Import the modules that will be utilized

In [3]:
import requests
import geopandas as gpd
from bs4 import BeautifulSoup

Loop through the years you'd like to collect the data for while scraping it along the way. Requests will grab all available data and Beautiful Soup will target specific sections that'll be parsed and added to a dictionary

In [53]:
INITIAL_CLASS = 2014
LAST_CLASS = 2024

uuid = 0
recruits = dict()

for yr in range(INITIAL_CLASS,LAST_CLASS):
    url = f'https://www.on3.com/college/penn-state-nittany-lions/football/{str(yr)}/commits/'
    response = requests.get(url)

    soup = BeautifulSoup(response.content, 'html.parser')

    ind_recruits = soup.find_all("div",{"class":"CommitListItem_playerWrapper__56t1h"})
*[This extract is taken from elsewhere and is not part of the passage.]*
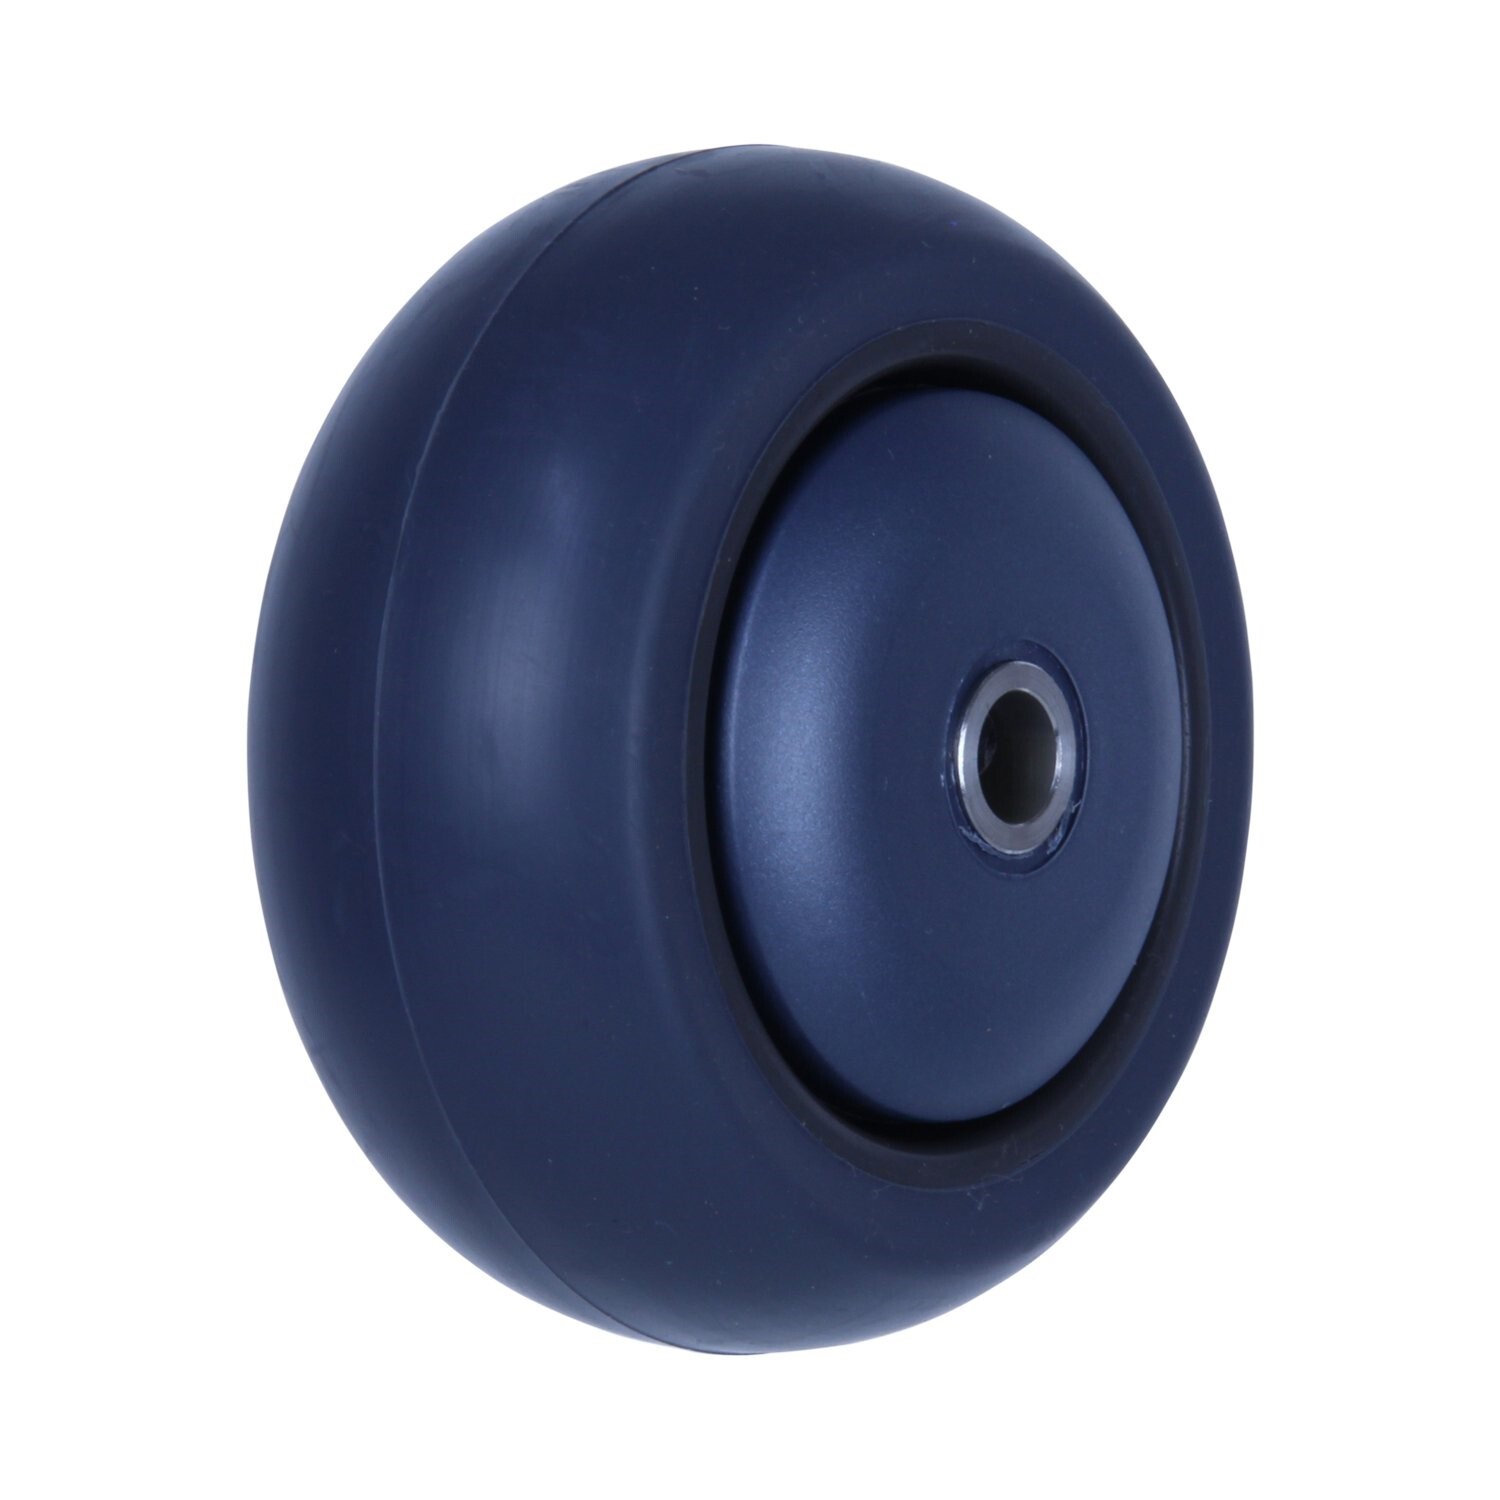 85kg Rated TPE Thermo Plastic Elastomer Wheel - 75 x 32mm - Ball Bearing
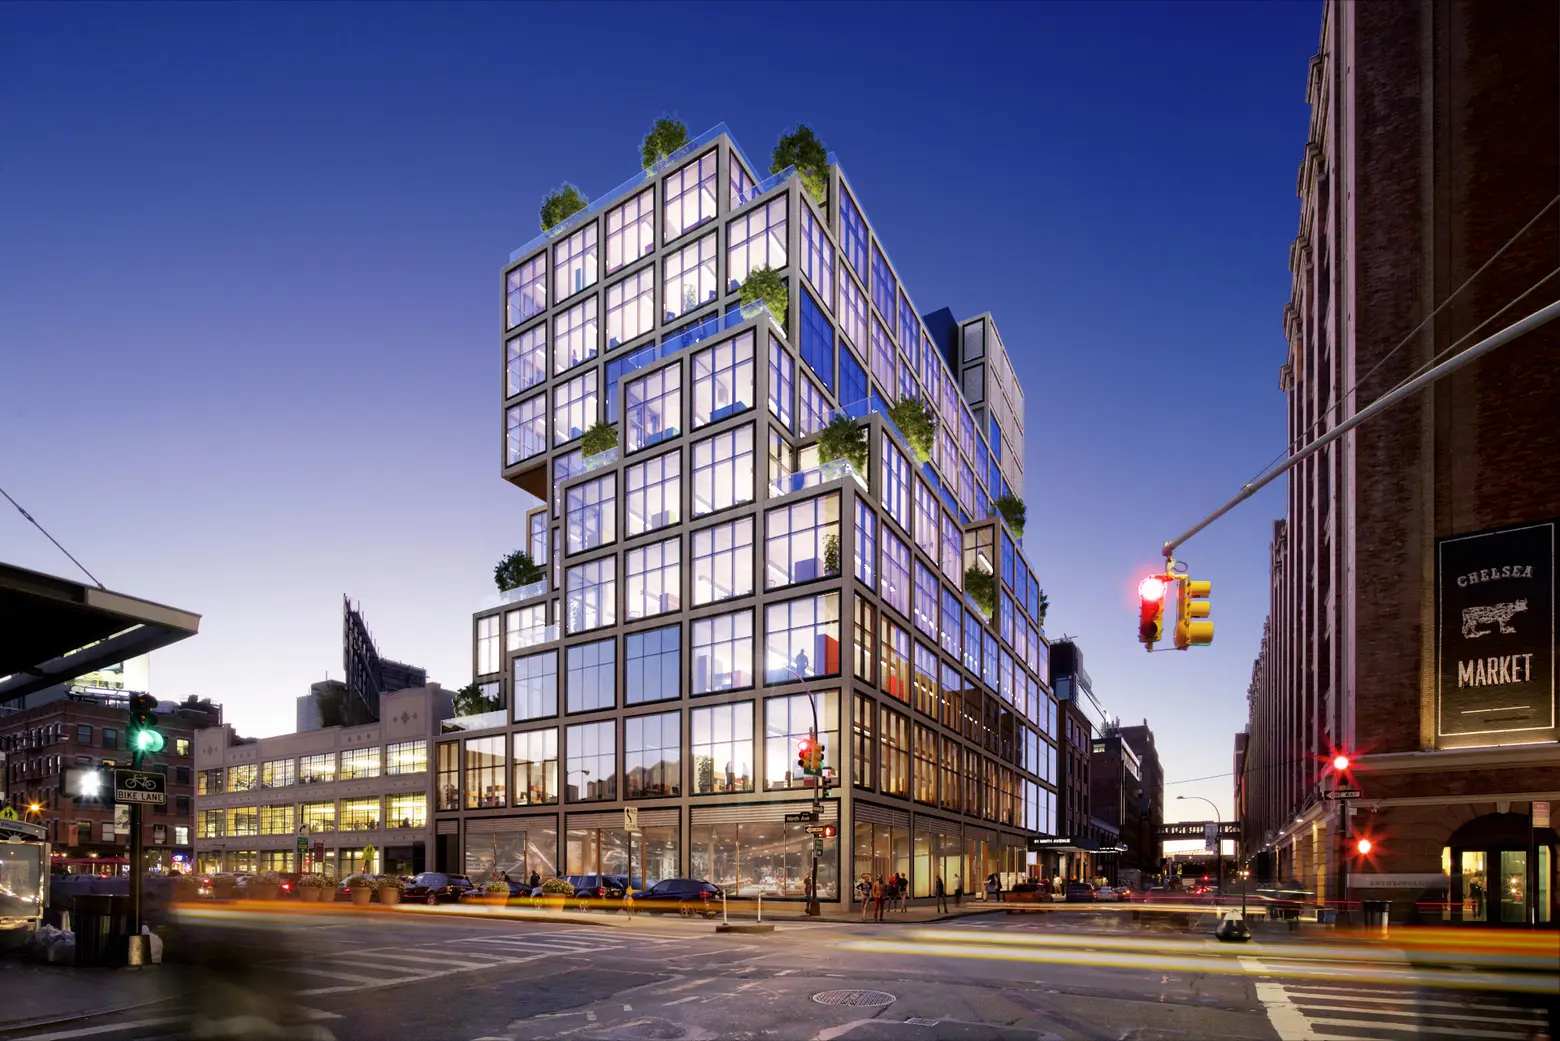 Rafael Viñoly’s Meatpacking Building to Include World’s Largest Starbucks, See New Renderings

    for r in range(len(ind_recruits)-1):
        # initialize dictionary for individal athletes
        keys = ['name','hometown','ranking','class_year']
        rinfo = {key: [] for key in keys}

        # generate unique id - could also use a generator function
        uuid += 1

        # don't include players who transferred out
        if "Transferred" in str(ind_recruits[r]):
            break

        # parse the soup of individual players
        name = str(ind_recruits[r])[str(ind_recruits[r]).find('alt="')+5:str(ind_recruits[r]).find(' Avatar')]
        hometown = str(ind_recruits[r])[str(ind_recruits[r]).find('(')+1:str(ind_recruits[r]).find(')')]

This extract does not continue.